(Work task)
Single out the lines of the material that contain "Size" and copy them.

** Extracted material follows **

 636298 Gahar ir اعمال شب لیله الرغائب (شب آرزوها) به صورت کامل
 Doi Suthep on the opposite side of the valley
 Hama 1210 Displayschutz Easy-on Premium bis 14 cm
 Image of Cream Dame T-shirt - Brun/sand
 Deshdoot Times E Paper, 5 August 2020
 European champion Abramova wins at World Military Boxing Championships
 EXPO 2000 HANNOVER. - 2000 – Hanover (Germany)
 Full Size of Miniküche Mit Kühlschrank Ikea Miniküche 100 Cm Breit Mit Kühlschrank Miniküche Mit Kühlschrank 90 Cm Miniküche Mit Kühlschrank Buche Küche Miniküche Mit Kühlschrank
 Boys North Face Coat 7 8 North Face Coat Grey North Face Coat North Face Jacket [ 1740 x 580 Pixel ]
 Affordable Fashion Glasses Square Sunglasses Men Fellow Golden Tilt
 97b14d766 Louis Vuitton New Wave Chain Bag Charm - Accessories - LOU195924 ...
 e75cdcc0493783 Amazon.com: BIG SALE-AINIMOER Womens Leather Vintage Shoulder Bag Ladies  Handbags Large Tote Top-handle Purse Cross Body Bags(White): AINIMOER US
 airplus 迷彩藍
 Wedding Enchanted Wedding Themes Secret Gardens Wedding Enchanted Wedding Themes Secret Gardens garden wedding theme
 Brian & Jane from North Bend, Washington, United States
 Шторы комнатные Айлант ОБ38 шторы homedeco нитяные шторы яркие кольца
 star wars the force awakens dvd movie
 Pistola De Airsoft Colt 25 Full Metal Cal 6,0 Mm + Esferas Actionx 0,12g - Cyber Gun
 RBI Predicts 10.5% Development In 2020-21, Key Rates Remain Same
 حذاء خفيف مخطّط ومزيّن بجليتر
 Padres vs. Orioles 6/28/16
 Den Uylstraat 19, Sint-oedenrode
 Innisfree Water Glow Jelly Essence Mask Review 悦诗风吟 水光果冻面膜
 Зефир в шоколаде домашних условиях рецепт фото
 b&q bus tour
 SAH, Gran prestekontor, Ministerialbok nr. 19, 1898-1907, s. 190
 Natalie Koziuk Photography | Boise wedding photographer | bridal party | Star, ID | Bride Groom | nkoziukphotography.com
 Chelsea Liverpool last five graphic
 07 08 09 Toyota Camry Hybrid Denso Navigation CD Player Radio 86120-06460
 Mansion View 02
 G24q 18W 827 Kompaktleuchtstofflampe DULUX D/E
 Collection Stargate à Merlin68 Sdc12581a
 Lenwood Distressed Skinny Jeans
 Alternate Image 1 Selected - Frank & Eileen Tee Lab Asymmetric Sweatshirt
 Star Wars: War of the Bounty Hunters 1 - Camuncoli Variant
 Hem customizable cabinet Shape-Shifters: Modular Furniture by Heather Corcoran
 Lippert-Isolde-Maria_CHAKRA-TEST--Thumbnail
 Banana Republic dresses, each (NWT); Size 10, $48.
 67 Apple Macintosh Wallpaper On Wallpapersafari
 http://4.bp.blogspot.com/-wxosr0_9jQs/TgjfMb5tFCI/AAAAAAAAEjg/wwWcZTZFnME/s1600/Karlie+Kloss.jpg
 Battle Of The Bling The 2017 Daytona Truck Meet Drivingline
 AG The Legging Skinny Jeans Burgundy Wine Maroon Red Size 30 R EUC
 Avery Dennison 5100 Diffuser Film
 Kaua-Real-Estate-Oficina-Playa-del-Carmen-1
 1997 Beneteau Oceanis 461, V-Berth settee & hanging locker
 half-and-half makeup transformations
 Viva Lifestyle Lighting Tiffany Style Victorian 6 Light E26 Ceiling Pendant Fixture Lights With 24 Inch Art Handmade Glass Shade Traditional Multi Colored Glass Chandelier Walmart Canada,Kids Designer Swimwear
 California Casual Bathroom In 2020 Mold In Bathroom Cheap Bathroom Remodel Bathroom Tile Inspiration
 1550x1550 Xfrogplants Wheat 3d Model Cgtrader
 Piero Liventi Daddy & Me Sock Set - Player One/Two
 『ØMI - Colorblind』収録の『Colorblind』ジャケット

** End of Extracted material **

(Answer space)
 Full Size of Miniküche Mit Kühlschrank Ikea Miniküche 100 Cm Breit Mit Kühlschrank Miniküche Mit Kühlschrank 90 Cm Miniküche Mit Kühlschrank Buche Küche Miniküche Mit Kühlschrank
 Banana Republic dresses, each (NWT); Size 10, $48.
 AG The Legging Skinny Jeans Burgundy Wine Maroon Red Size 30 R EUC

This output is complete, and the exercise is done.